Tuesday, March 01, 2005

Epiphany

For the longest time, I've imagined that the solution to my trading struggles would present itself as nothing less than epiphany: a bolt of white lightning, an earth-shattering realization, a blinding, mind-bending revelation. And who could blame me for this fantasy? What else could possibly snap me out of years of repeating the same mistakes over and over, despite having a very explicit list of trading "rules" right in front of me, gleaned from countless hours in front of the market screen? What else could it be, having pored over endless pages of published trading "wisdom", only to find those words which sounded so sensible, so practical, just somehow couldn't translate into consistent action? My issues defied logical reckoning for so long that I was left with only blind faith in the eventuality that these demons would be exorcised at some point in my future -- a vague and desperate hope at best, yet I had no choice but to believe, for I had no other reason to perservere.

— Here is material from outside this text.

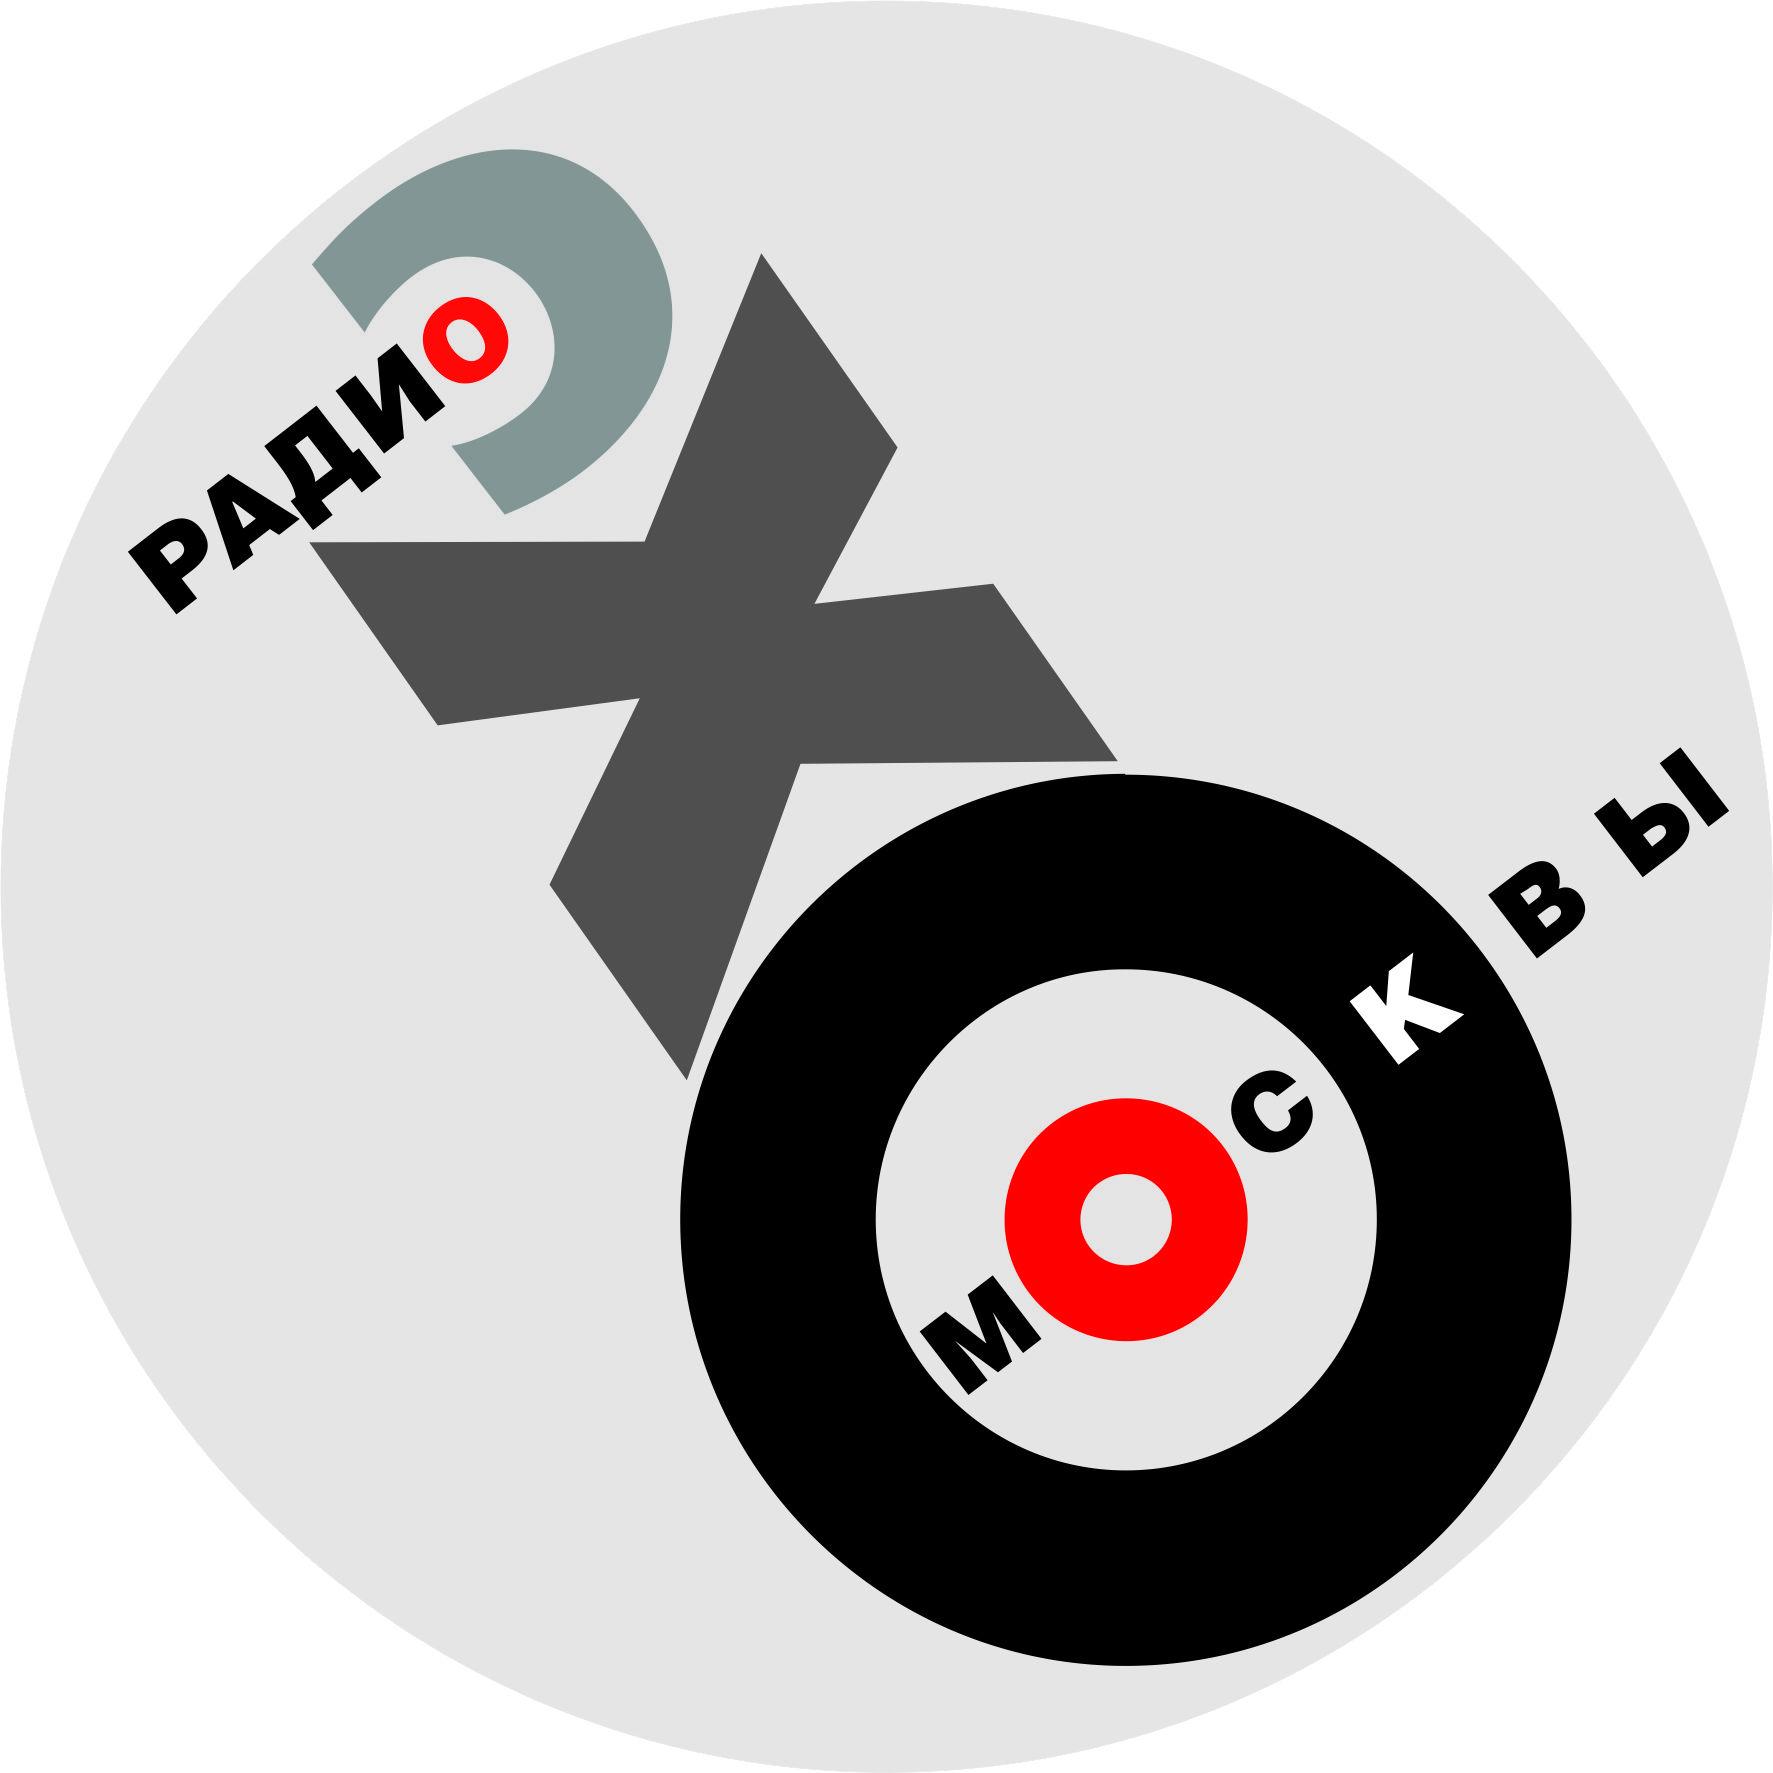 Дизайн логотипа р/с Эхо Москвы. фото f_9565623e8f038385.jpg

But looking back now from the other side, I have to admit that for me, there was no magic moment, no flash of enlightenment that chased away the shadows, nothing at all that remotely resembled any climactic turning point of realization. I can't really recall when the necessary changes were finally decided upon and implemented, but the one aspect I can identify that made things different was that the impetus for those changes came entirely from within. The force that finally had the power to put principle into action was instinctual in nature, as opposed to adaptive in respect to some external source, or merely reactive as backlash against my past transgressions. I wasn't blindly following some guru's Practical Guide to Trading, nor did I need to make the mistakes first before I knew how to anticipate and prevent them. The changes just fell into place, step by step, as things that I knew I needed to do to achieve my goals; they were nothing novel nor especially noteworthy, and endless variations of them can be found in any of the "classic" trading manuals. But this time they finally made sense to me, perhaps only because I came to the same conclusions in my own way.

So what could it have been that finally turned the whole damned ship around? I'm not absolutely sure yet, but the more I think about it, the closer I think I'm getting to figuring out the exact source. But I'll save that for another post.